─── Provided data ───

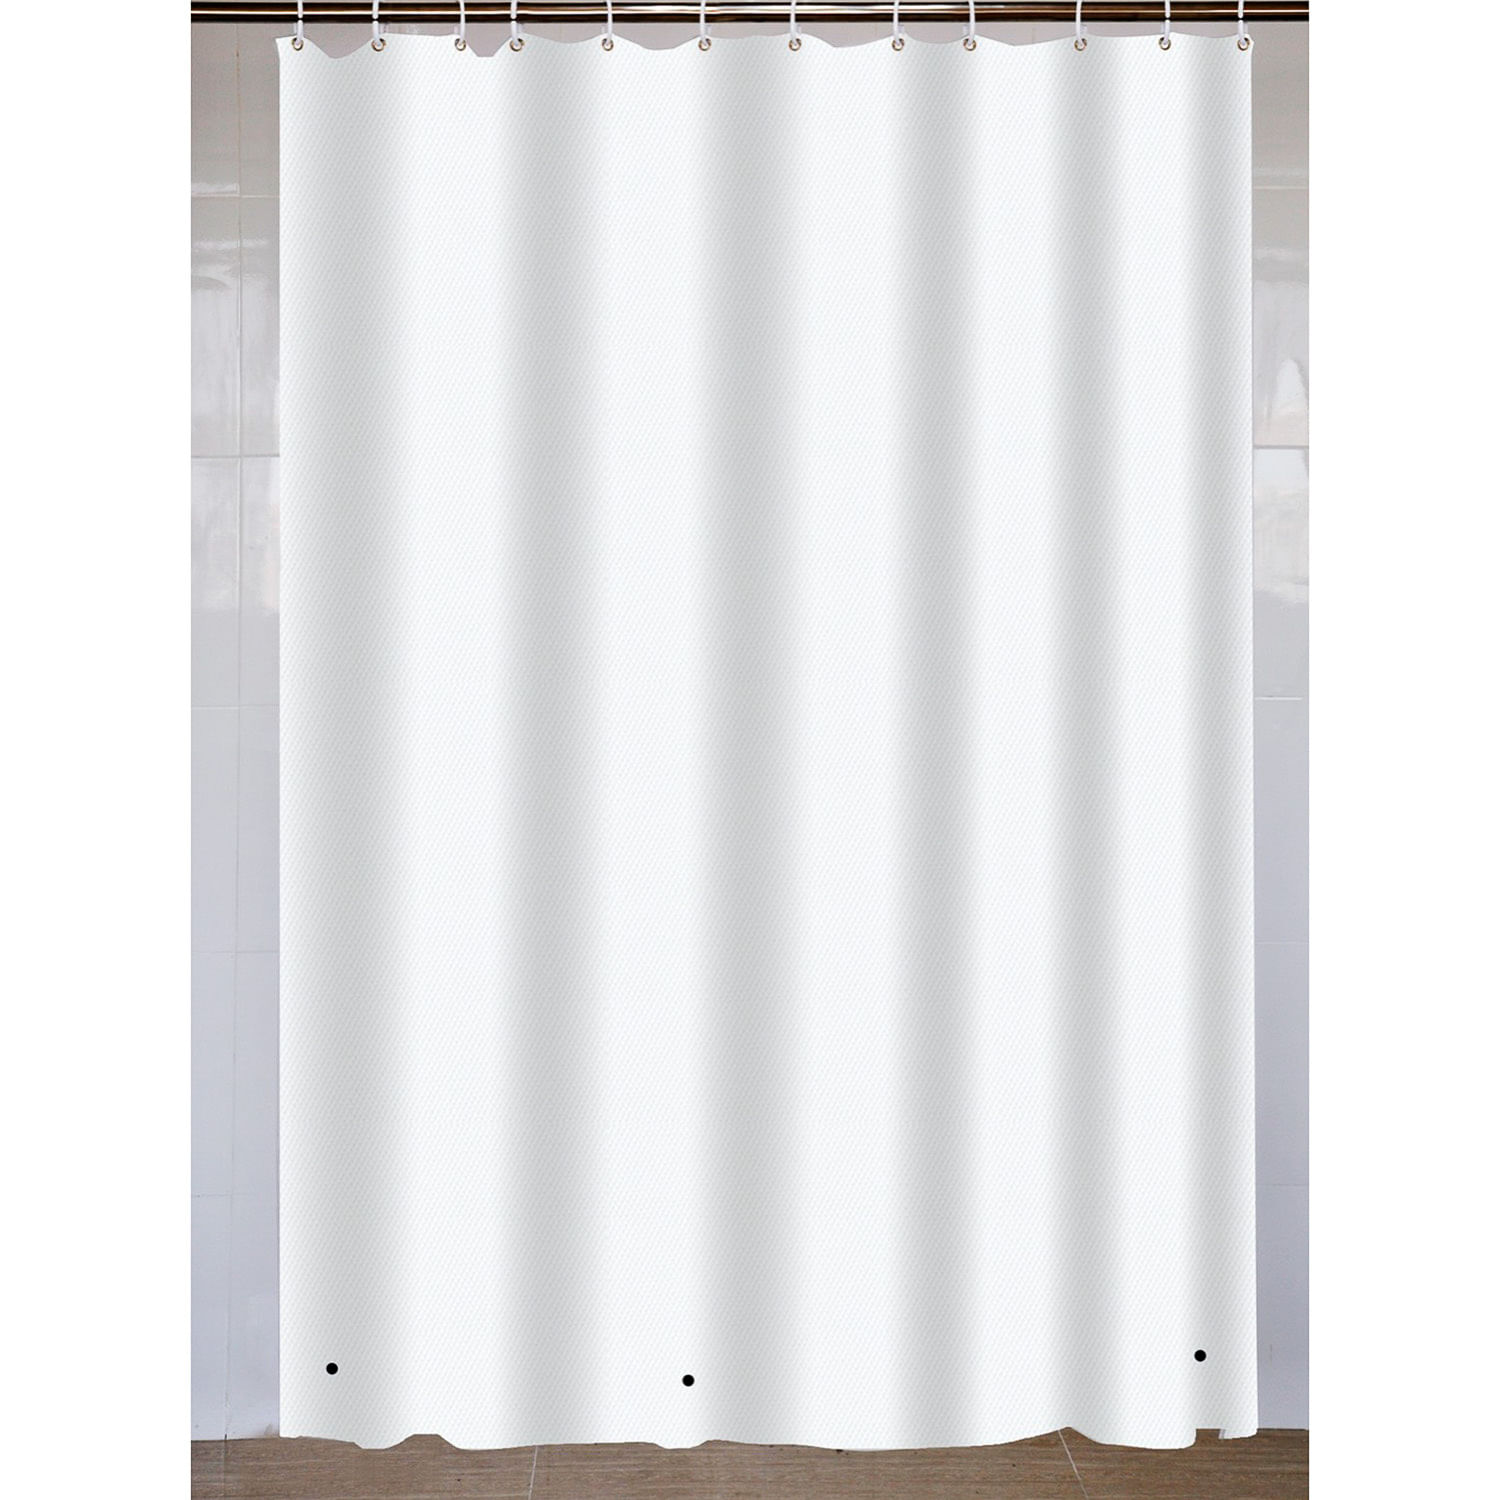 Cortina de ducha de 180 x 180 cm con 12 anillas de cortina de ducha antimoho para bañera y ducha color gris de poliéster impermeable 
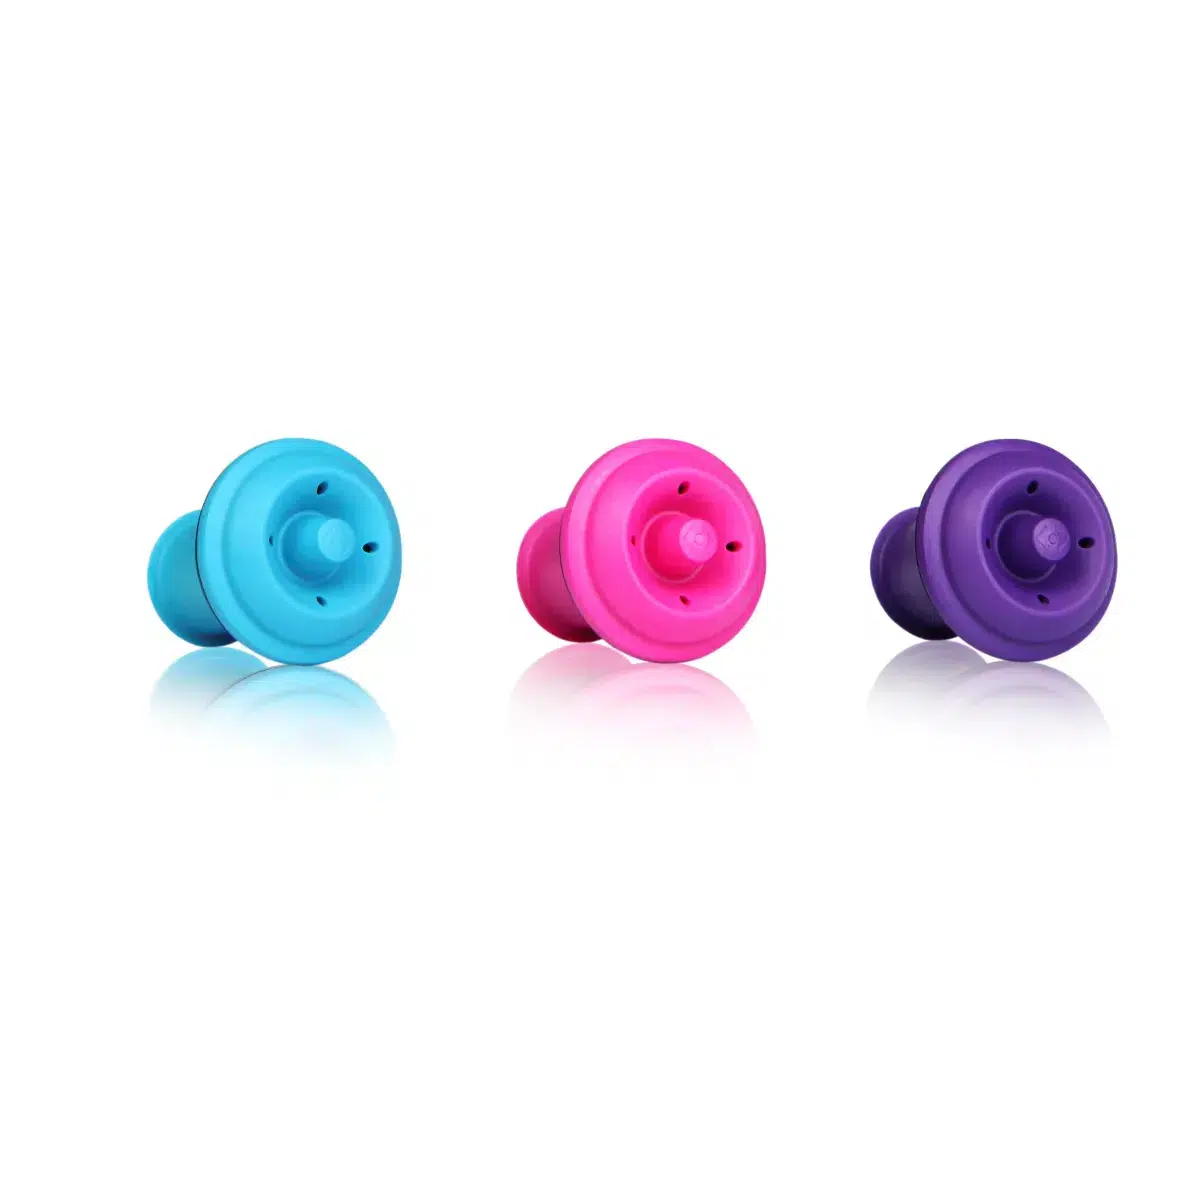 Trois boutons colorés bleu, rose et violet alignés.
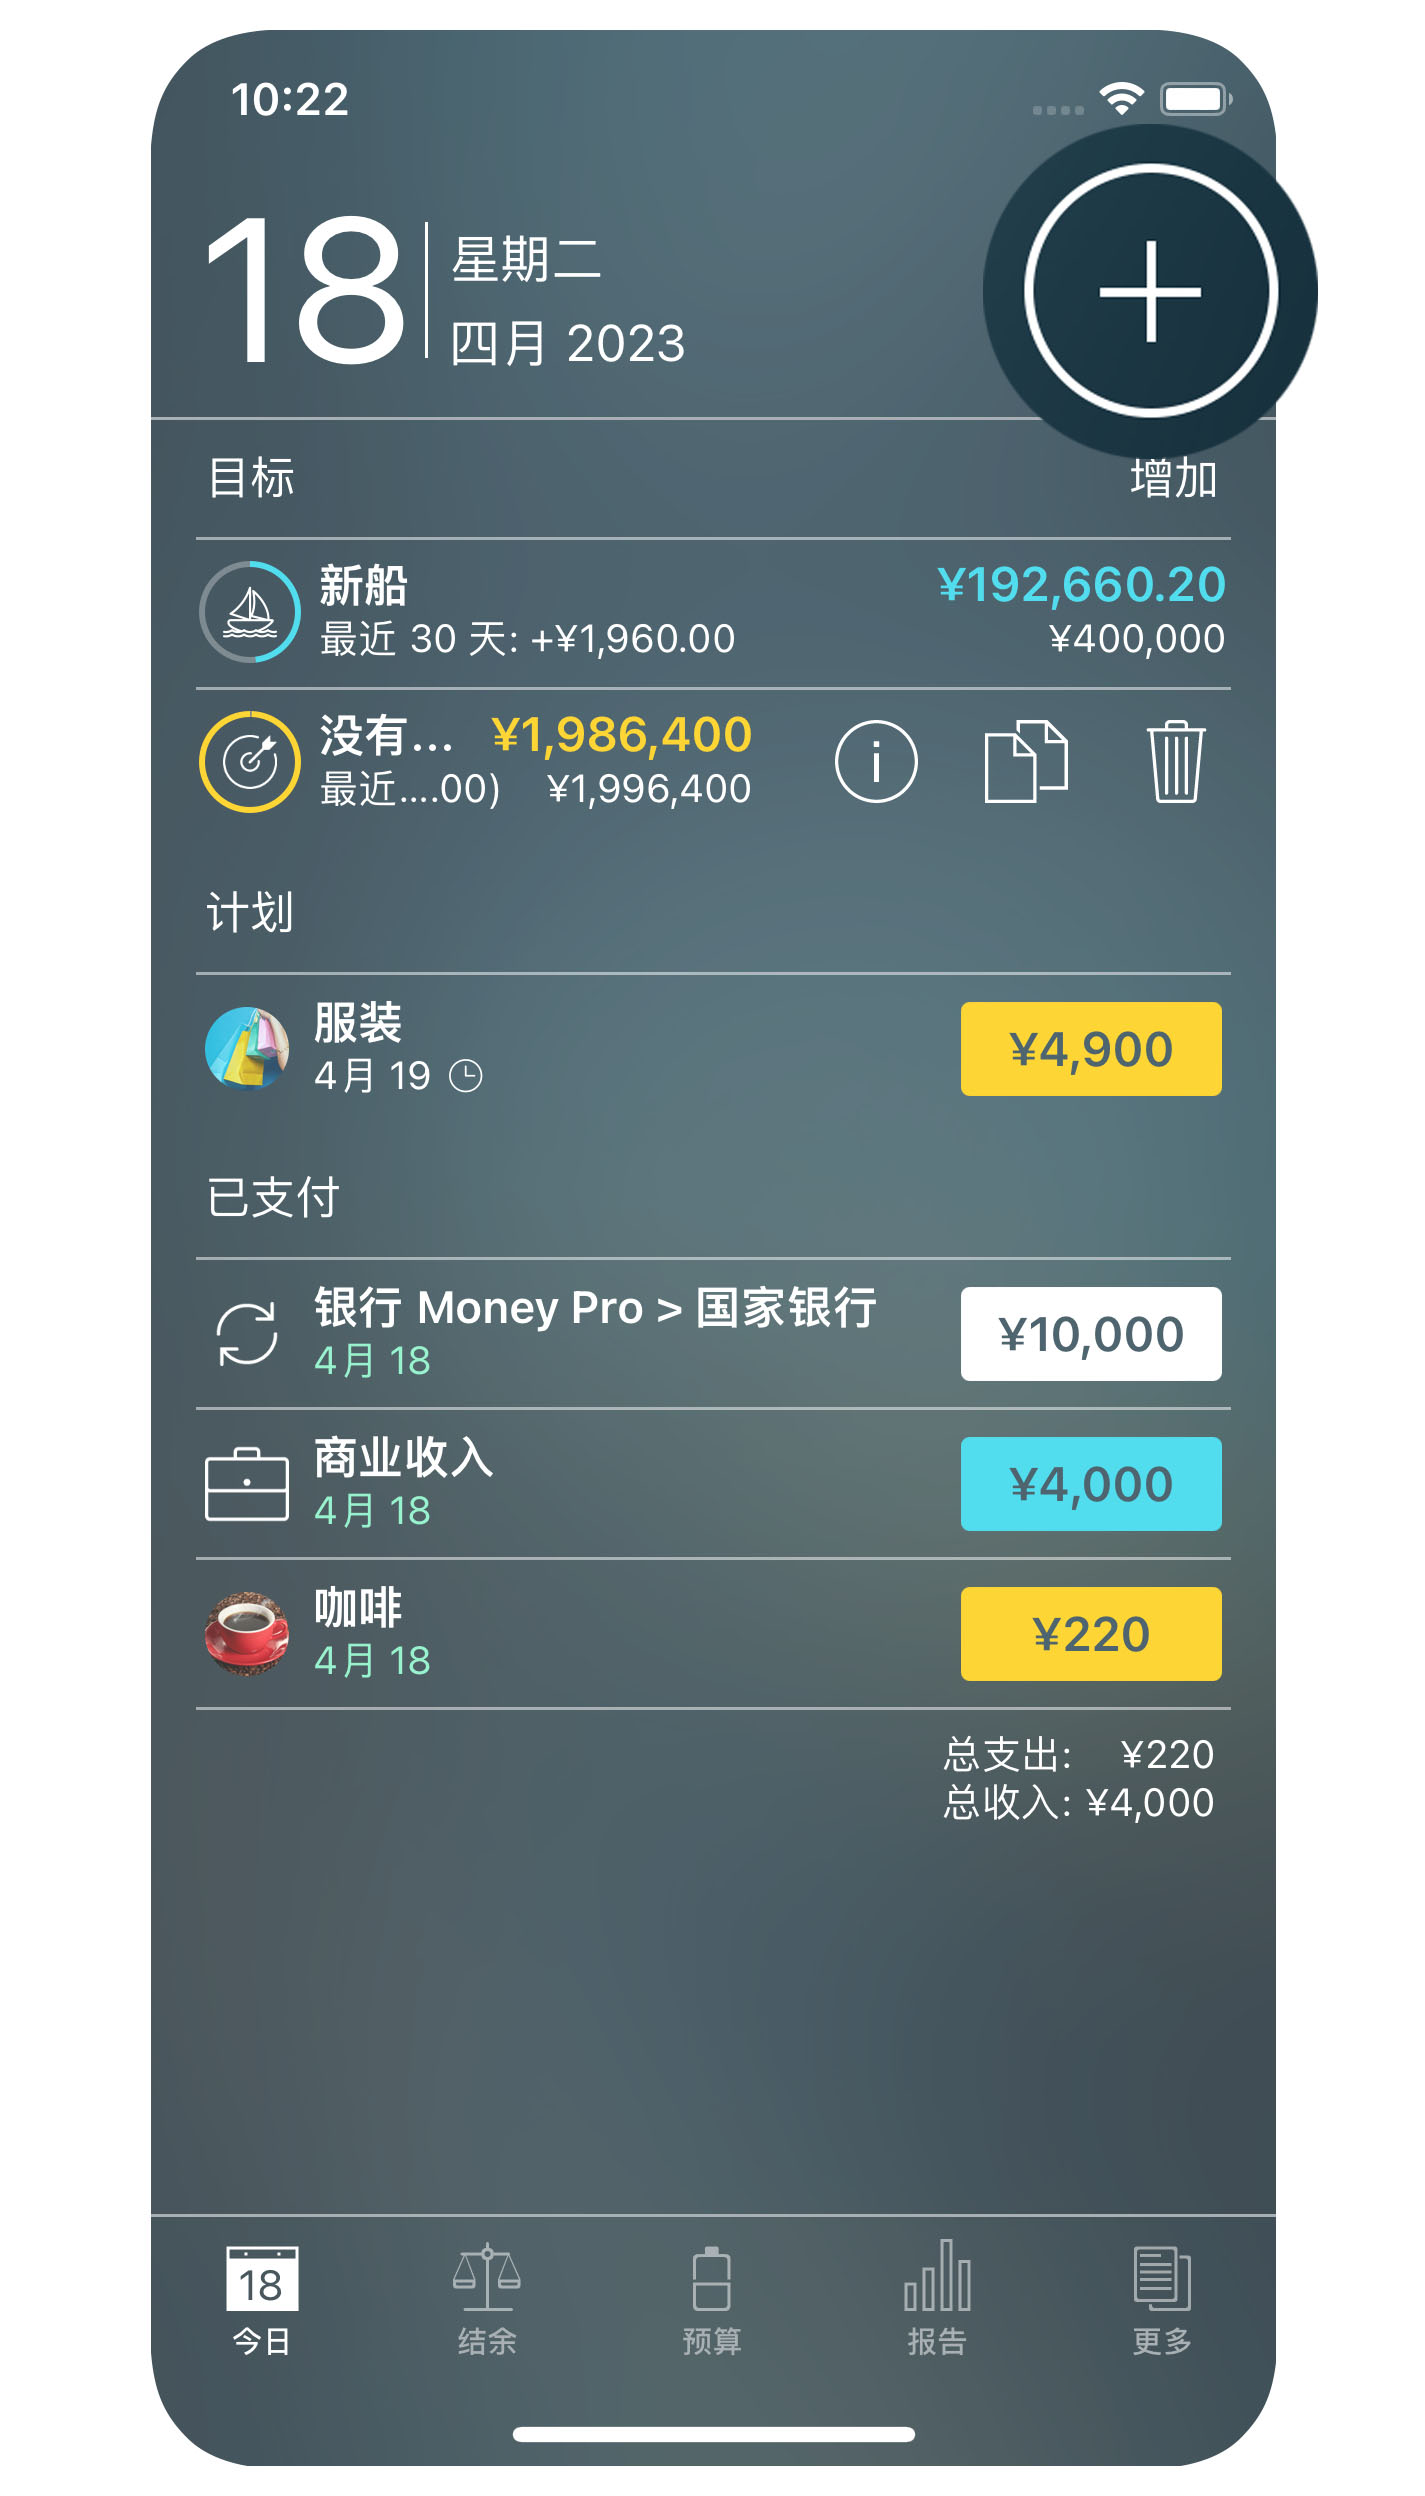 Money Pro - 创建交易 - iPhone

───

- _Goal of the exercise_
Repeat each line of the material exactly, and drop any image it carries.

- _Exercise response_
 Cortina de ducha de 180 x 180 cm con 12 anillas de cortina de ducha antimoho para bañera y ducha color gris de poliéster impermeable 
 Trois boutons colorés bleu, rose et violet alignés.
 Money Pro - 创建交易 - iPhone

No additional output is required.